Background Although the prognosis of Henoch-Schönlein purpura (HSP) is usually favorable, relapses are relatively frequent.
Objectives Our aim was to analyze the frequency, type and risk factors for relapses in a large series of unselected patients with HSP.
Methods Retrospective study of 417 patients from a single center, diagnosed with HSP according to the criteria proposed by Michel et al. (J Rheumatol 1992; 19: 721-28).
Relapse was defined as a new outbreak of HSP in a previously asymptomatic patient (at least for one month). Quantitative variables were expressed as mean ± SD or as median (interquartile range), and compared with the Student t-test or the Mann-Whitney U-test, as appropriate. Dichotomous variables were expressed as percentages and compared by using the chi-square test. The variables associated with HSP relapse in the univariate analysis entered into a stepwise multivariate logistic regression. Statistical analysis was performed using SPSS 15.0.
Results 417 patients (240 men/177 women) were studied; median age, 7.5 years (IQR [5.3 to 20.1]). 315 (75.5%) were children or young people (≤20 years) and 102 (24.5%) adults. Clinical manifestations (onset/HSP established,%) were: skin lesions (55.9/100), nephropathy (24/41.2), gastrointestinal involvement (13.7/64.5), joint symptoms (9.1/63.1) and fever (6.2/20.4). Corticosteroids were the most frequently used drugs (35%), followed by NSAIDs (14%), and cytotoxic agents (5%).

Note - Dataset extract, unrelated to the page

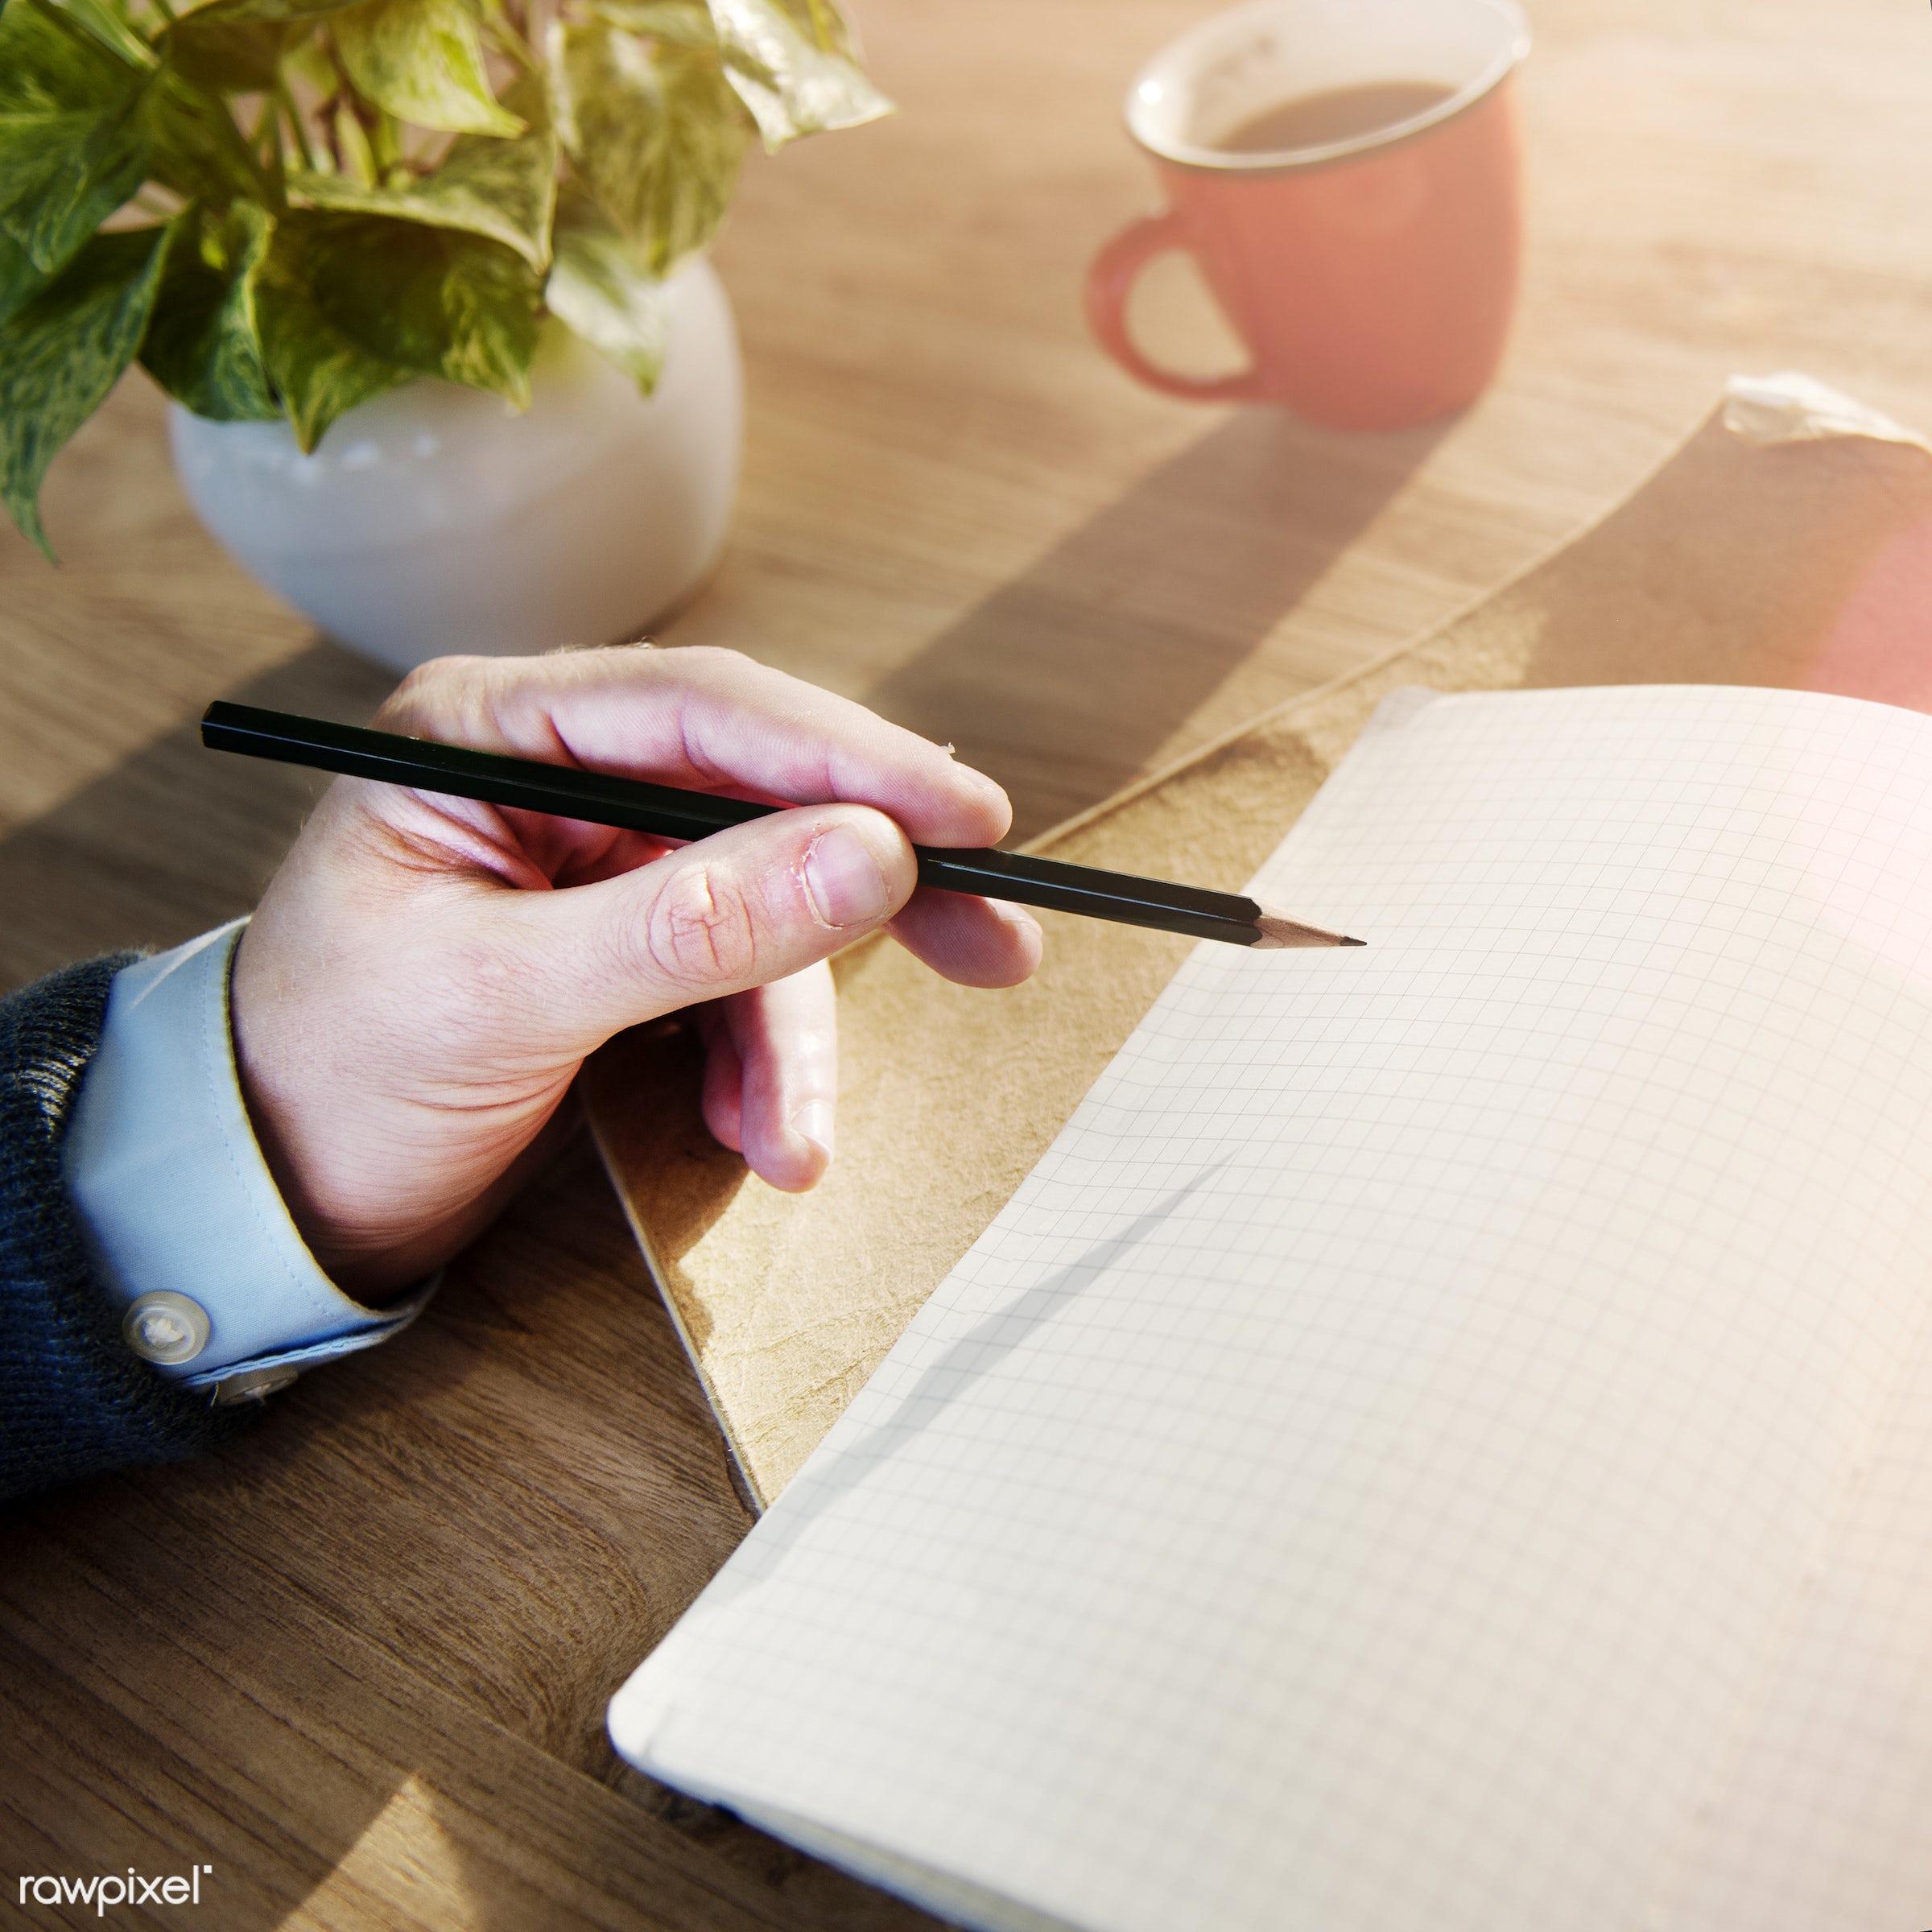 analyzing, blank, business, cafe, classroom, coffee, coffee break, college, copy space, designer, desk, education, hand,...
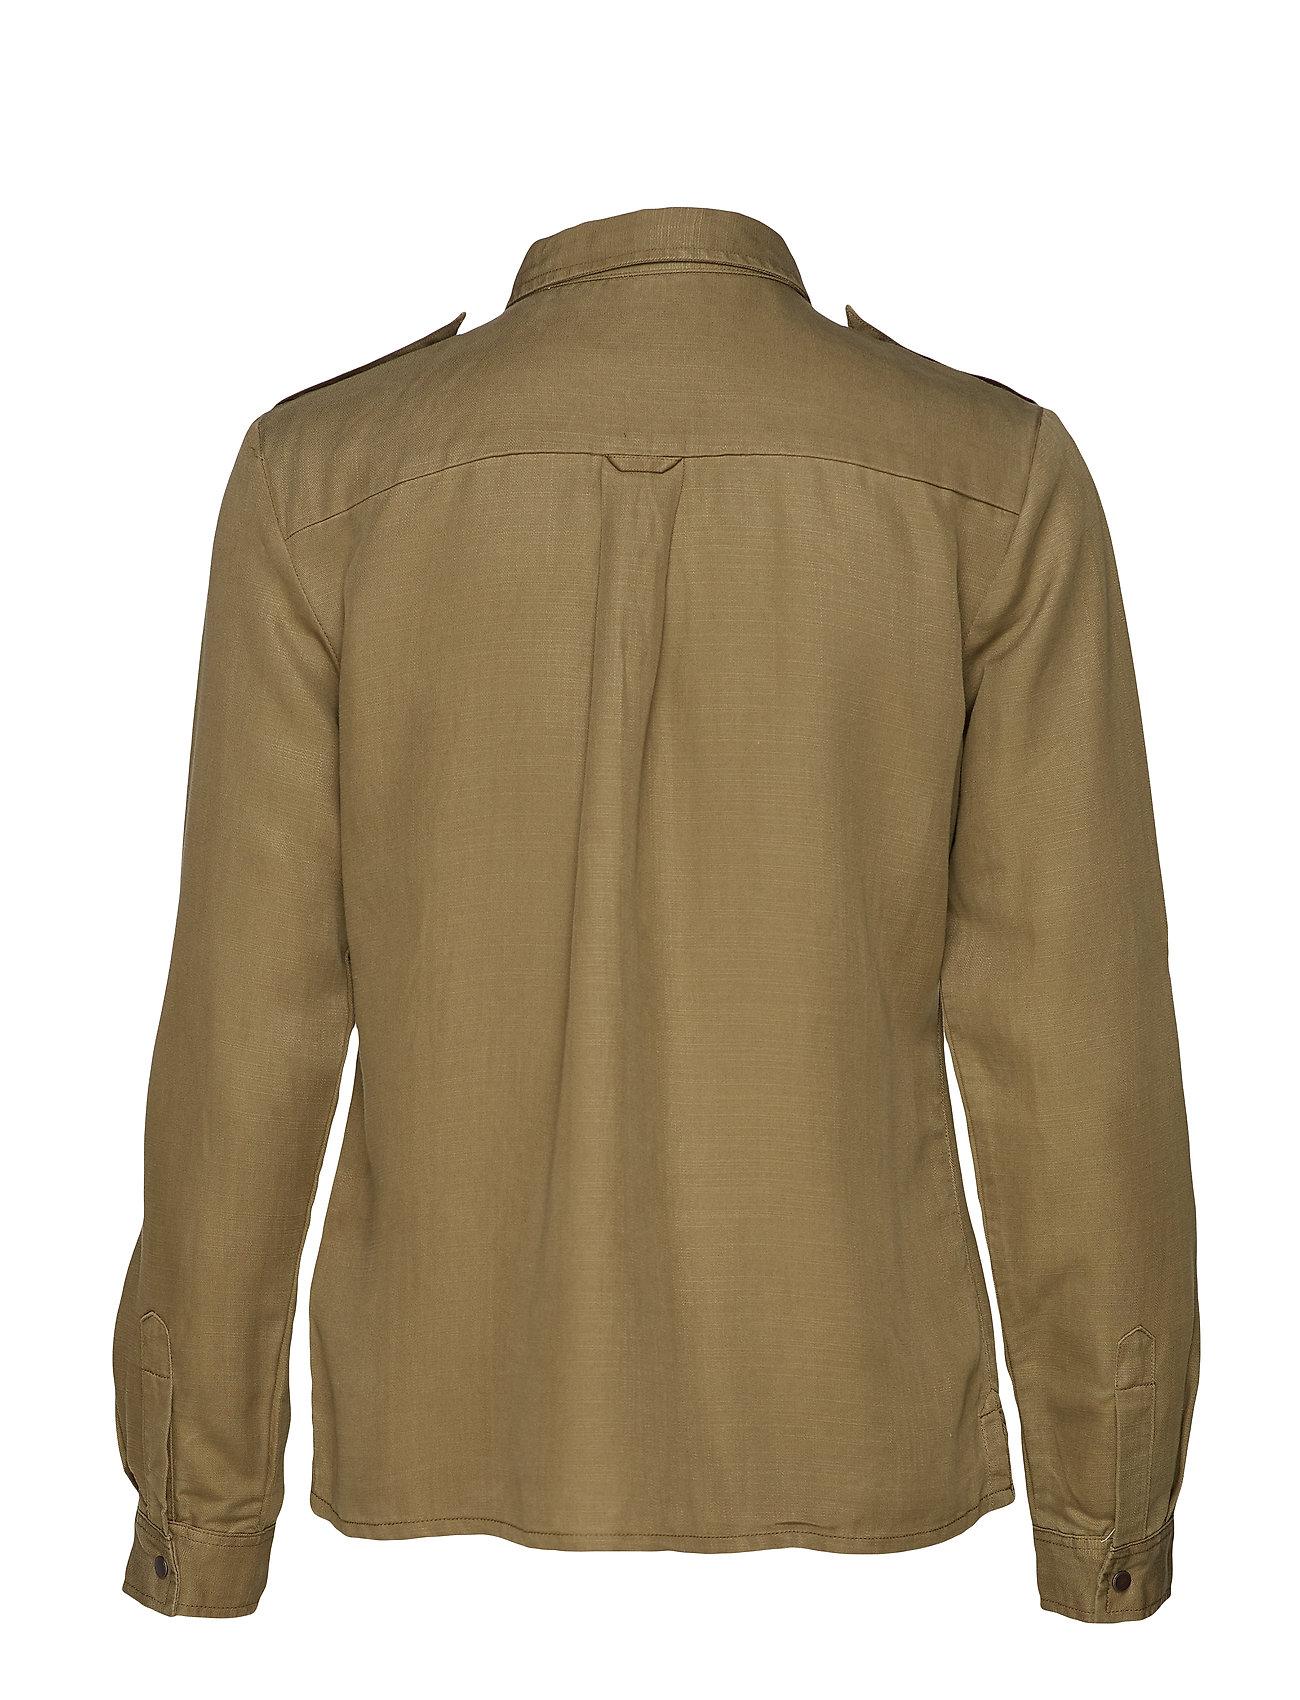 Inspired In Soda Workwear Shirt Drapy Qualitymilitary GreenScotchamp; 4A5Rj3Lq

After a median follow-up of 12 (IQR [2-38]) months, complete recovery was observed in most cases (n=346; 83.2%) and persistent and usually mild nephropathy, in 32 patients (7.7%).
Relapses occurred in almost one third of the patients (n=133; 31.9%). Clinical manifestations during relapses were: cutaneous (89.6%); abdominal (27.1%); renal (25.9%) and articular (16.8%). The median number of relapses was 2.4 (IQR [1-3]). The main risk factors for the development of HSP relapse in univariate analysis are shown in the TABLE. After multivariate analyses the most powerful predictive factors for relapse were joint manifestations at disease onset, gastrointestinal manifestations during the course of the disease, and corticosteroid treatment at the time of the first episode of HSP (Table).
Conclusions HSP is usually a benign entity but relapses are not uncommon. Patients with articular symptoms at onset or presenting with gastrointestinal manifestations during the course of the disease or those needing corticosteroids to control the initial episode of HSP, are more prone to develop relapses.